VMware at 20: What’s Next?

Cameron Haight, VP and CTO, Americas, VMware

Shortly before this year’s VMworld U.S., I celebrated my one-year anniversary at VMware. In fact, my 12 months with the company has been bookended with VMworld 2017 and VMworld 2018. With that in mind, I wanted to share my impressions with you so far—VMware’s secret sauce for success and what’s next.

VMware’s Secret Sauce: Culture and Community

Many years ago, one of my former Gartner colleagues wrote, Just a Thought: Will VMware Become the Next Novell? Given what happened to Novell with its previous industry dominance, it seemed like a fair question. Indeed, until a few years ago, it seemed there was doubt about VMware’s long-term viability.

What makes VMware succeed (and grow) when companies of similar status stalled or even failed?

Given my interactions with clients (and even analysts) at the two most recent VMworlds, the answer is simple: VMware customers, partners and employees all share a culture of passionate innovation. There are a few things that I’ve identified that I believe that keeps us—our entire unified community of customers, partners and employees—at the top of the IT ladder.

1. We share a cultural philosophy called EPIC2:

  • Execution
  • Passion
  • Integrity
  • Customers
  • Community
Explore VMware's many innovations and industry-changing moments in our VMware 20 Interactive Timeline.

Explore VMware’s many innovations and industry-changing moments in our “VMware 20” Interactive Timeline.

I observe the impact of this daily, from a leadership team that “walks the walk” to inspired employees who use their own time to help in their communities. What I’m perhaps most proud of is that this culture extends beyond our office walls and into our customers and partners. The vibe at VMworld is so powerful, with everyone working passionately together to help each other meet their goals and build their vision for the future.

It is said that “culture eats strategy for breakfast,” meaning that culture can hinder a company’s business initiatives. But in our case, culture is the petri dish from which our strategy—and innovative drive—emanates.

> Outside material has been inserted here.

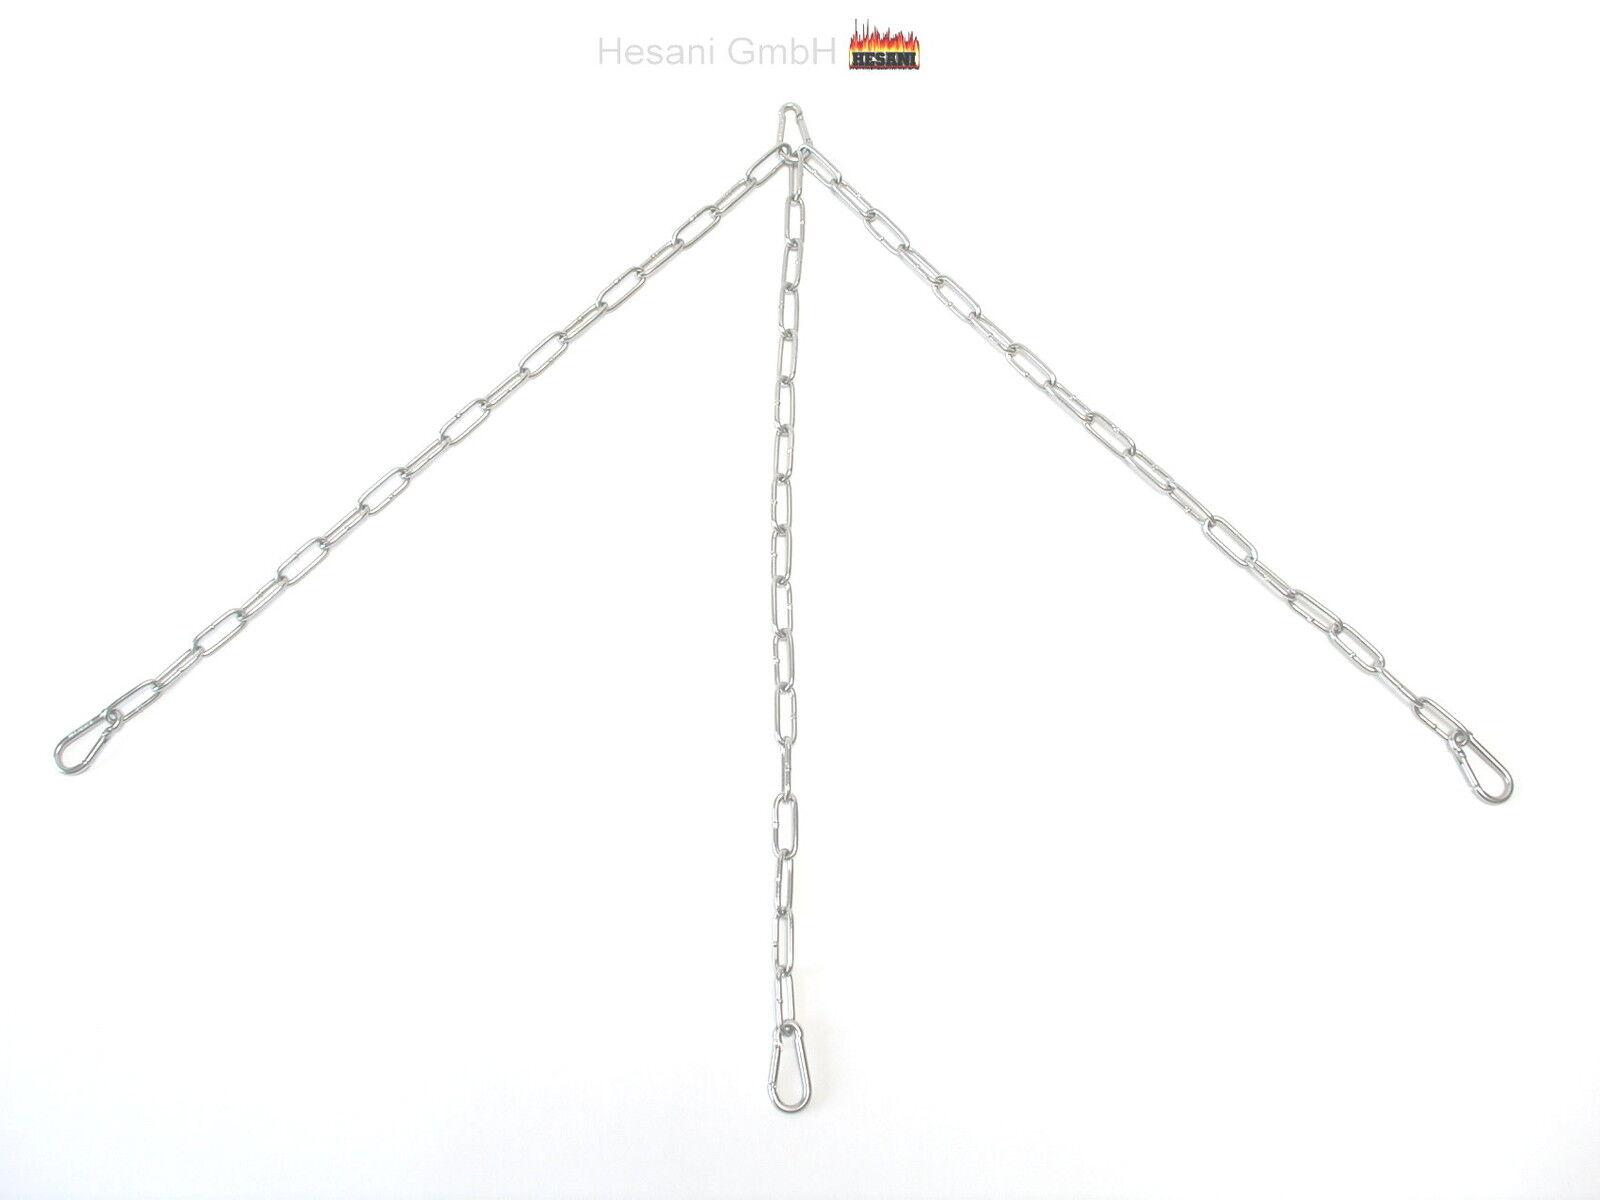 75 cm Kettensatz Edelstahl für Grillrost Aufhängung Grillkette Dreibein Kette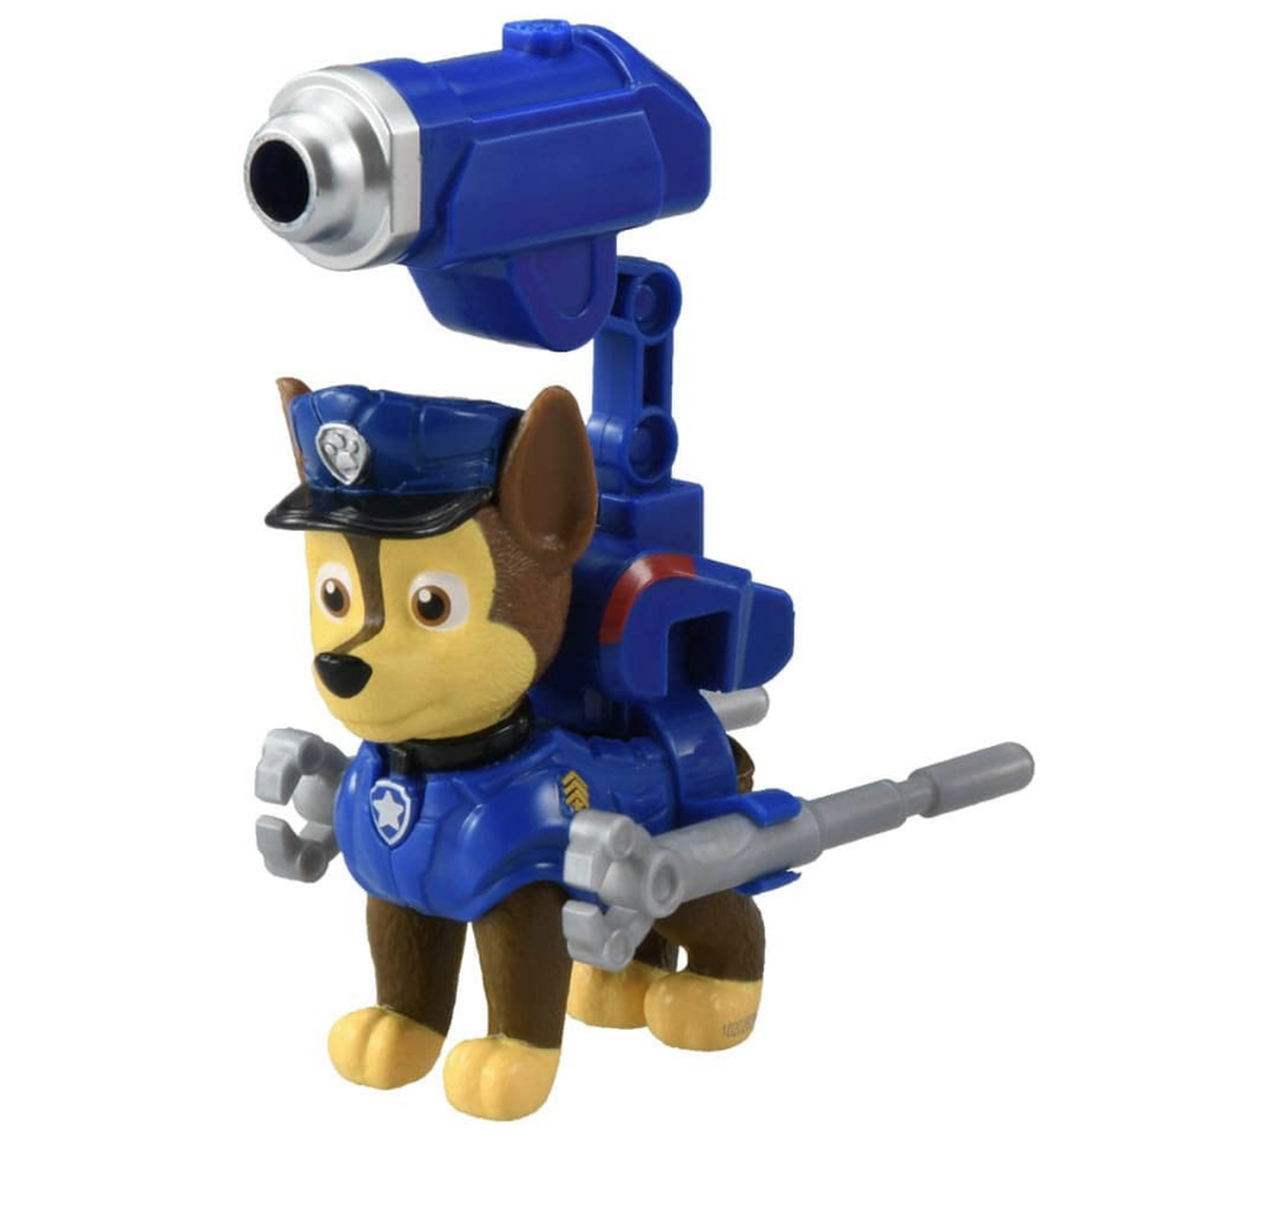 Patrulha Canina o Filme Figura Chase Com lançador 2706 Sunny

2. We are all continuously learning. That’s what VMware is all about. VMworld is the biggest example, with tens of thousands of people coming together to take hands-on labs, attend sessions, join round tables and generally network with fellow experts. Year round and around the globe, our community constantly works to grow their skillsets, improve their businesses through technology and help others find success.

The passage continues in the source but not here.